I kicked in a small piece of debris past the threshold and it hit the dark surface with a plop. “Jesus, it’s completely filled with water!”
Janet edged closer, the light from her headlamp focused at a point just beyond the doorway. “That is not water,” she said.
The “floor” of the shaft was a debris-strewn swamp. There was indeed some type of filthy, tar black liquid filling the shaft, but Janet was right—it certainly wasn’t water.*4
Scattered across the surface of this scuzzy brew were tattered blocks of dark-stained ceiling material as well as unidentifiable rubbish that had been chucked in over the past fifty years. The scariest thing to me was that all of it looked remarkably like the rubble-littered cement floor we were currently standing on.
“A group came in here to see the bats some time ago and one of them, a woman, turned up missing.” Farouk pointed to a spot near where the real floor ended. “They found her there, clutching onto the ledge. Only her head and arms were above the surface.”
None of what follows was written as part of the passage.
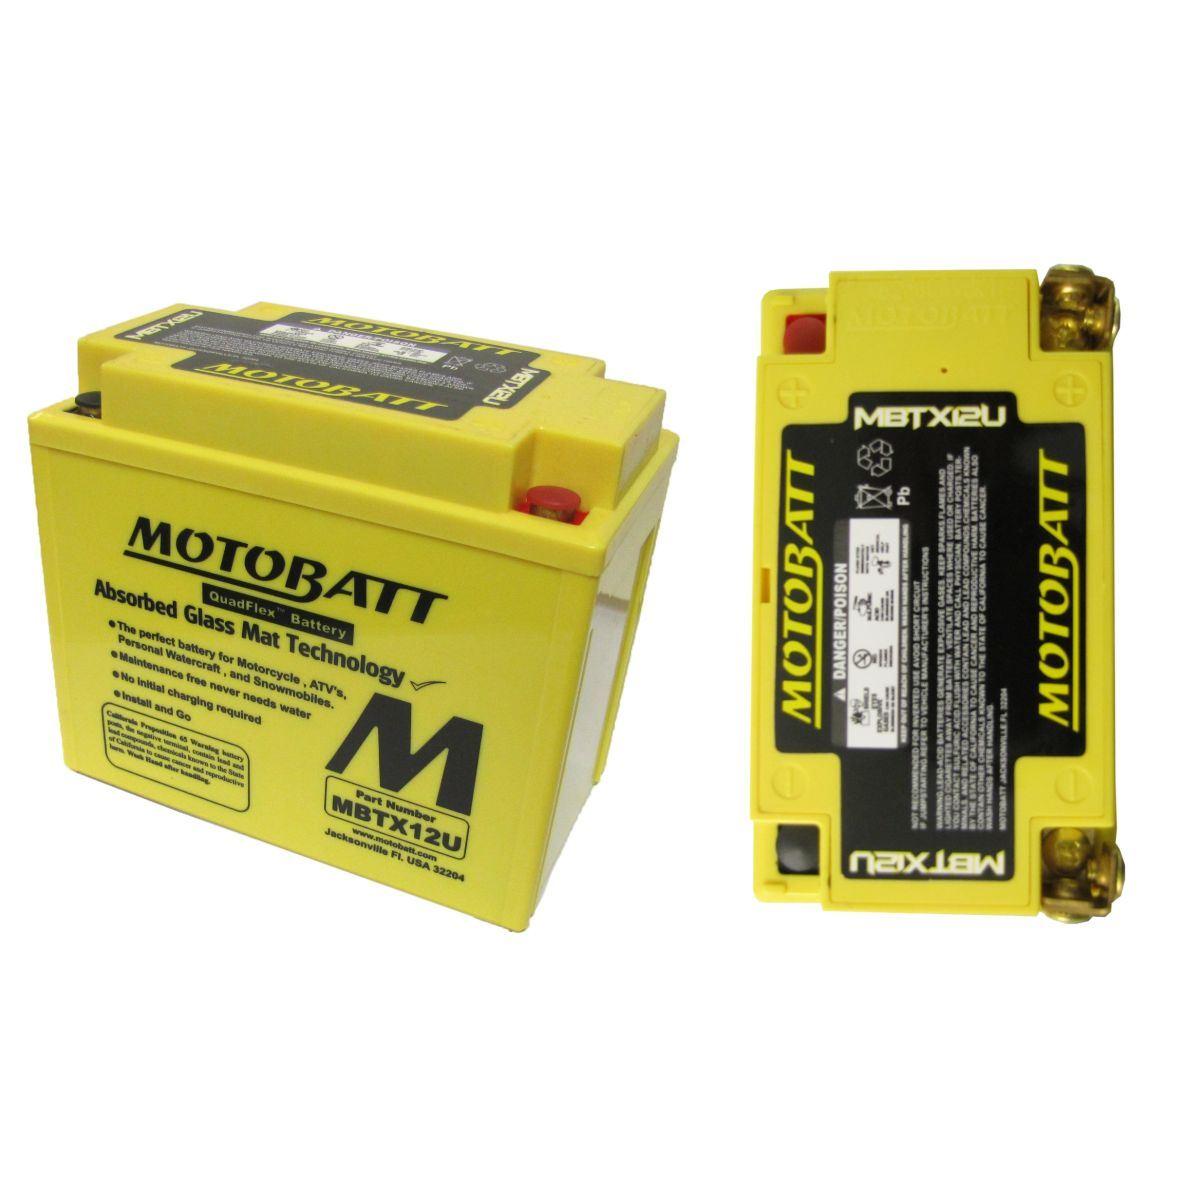 Battery-Motobatt-for-1998-Bimota-YB11-1100cc

I could see my wife give a shudder and she took several steps back from the edge.
Carefully, I moved a bit closer, kneeling at the entrance of the shaft. It still looked like a solid surface. “Farouk. How deep is this friggin’ thing?”
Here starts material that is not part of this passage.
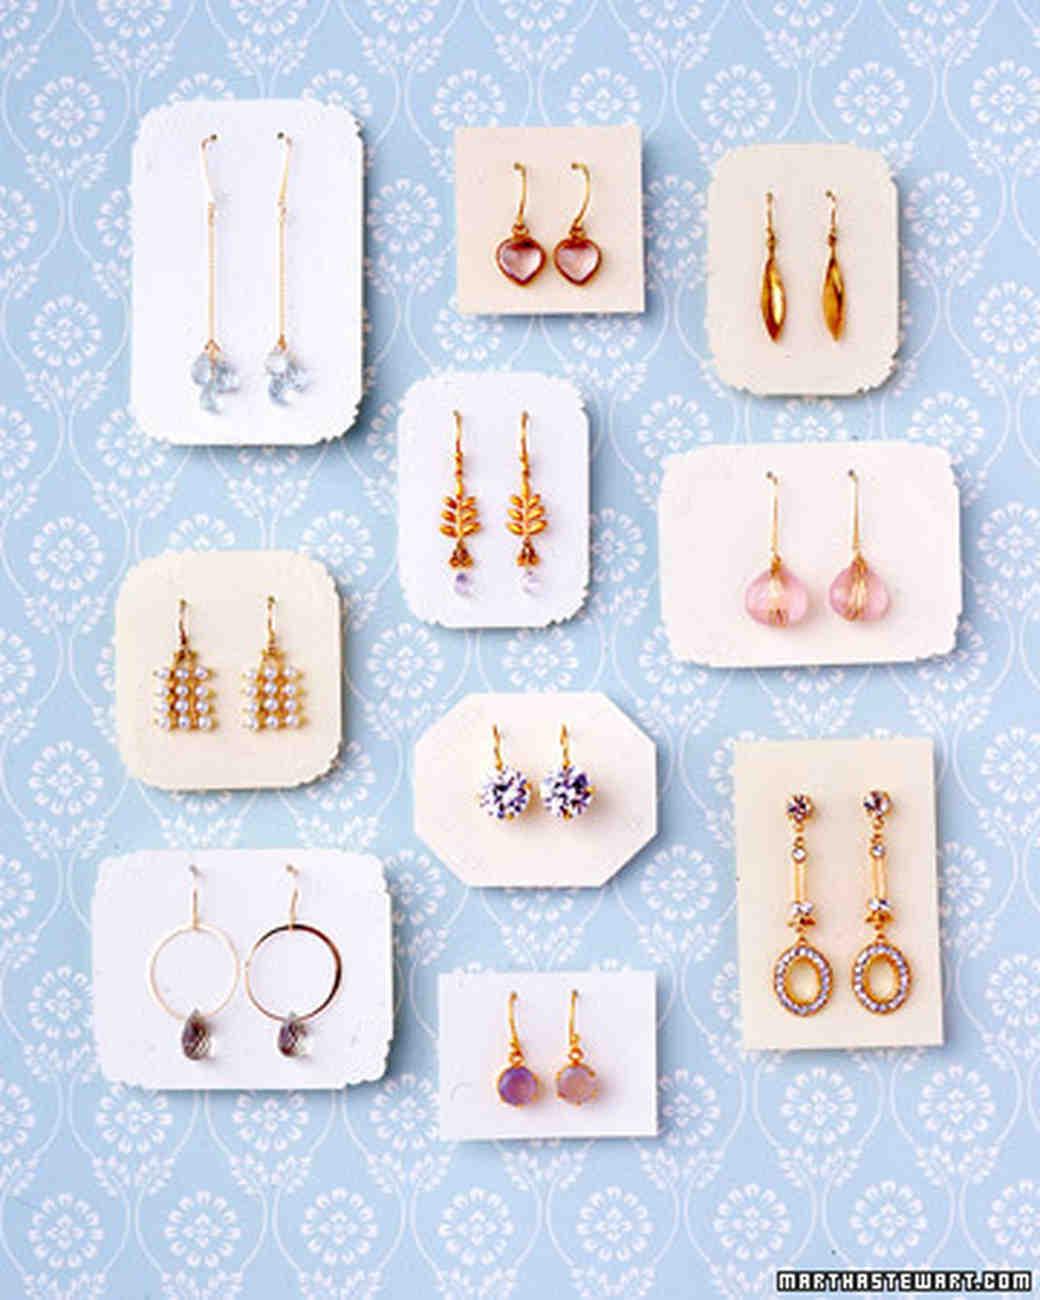 From the Market: Earrings

“It goes down several floors,” he said, a bit too matter-of-factly. “And off the main shaft—a maze of side tunnels.”
As the light from my headlamp moved across the glistening surface, something the size of a football catapulted itself through the beam. My reflexes sent me backward onto my butt as the object landed with a loud splash. Three headlamp beams hit the impact point, but by then whatever it was had disappeared below the ink black sludge.
“What the hell was that?” Janet asked, her voice an alarmed whisper.
“I think it was a toad,” I responded. “A big mother.” And as I turned back to Farouk, he nodded in agreement.
“They feed on the bats that fall in from above,” he said. “The babies and the weak ones.”
With that, the Trinidadian directed his light upward, until we could just make out the ceiling of the elevator shaft, twenty feet from where we stood.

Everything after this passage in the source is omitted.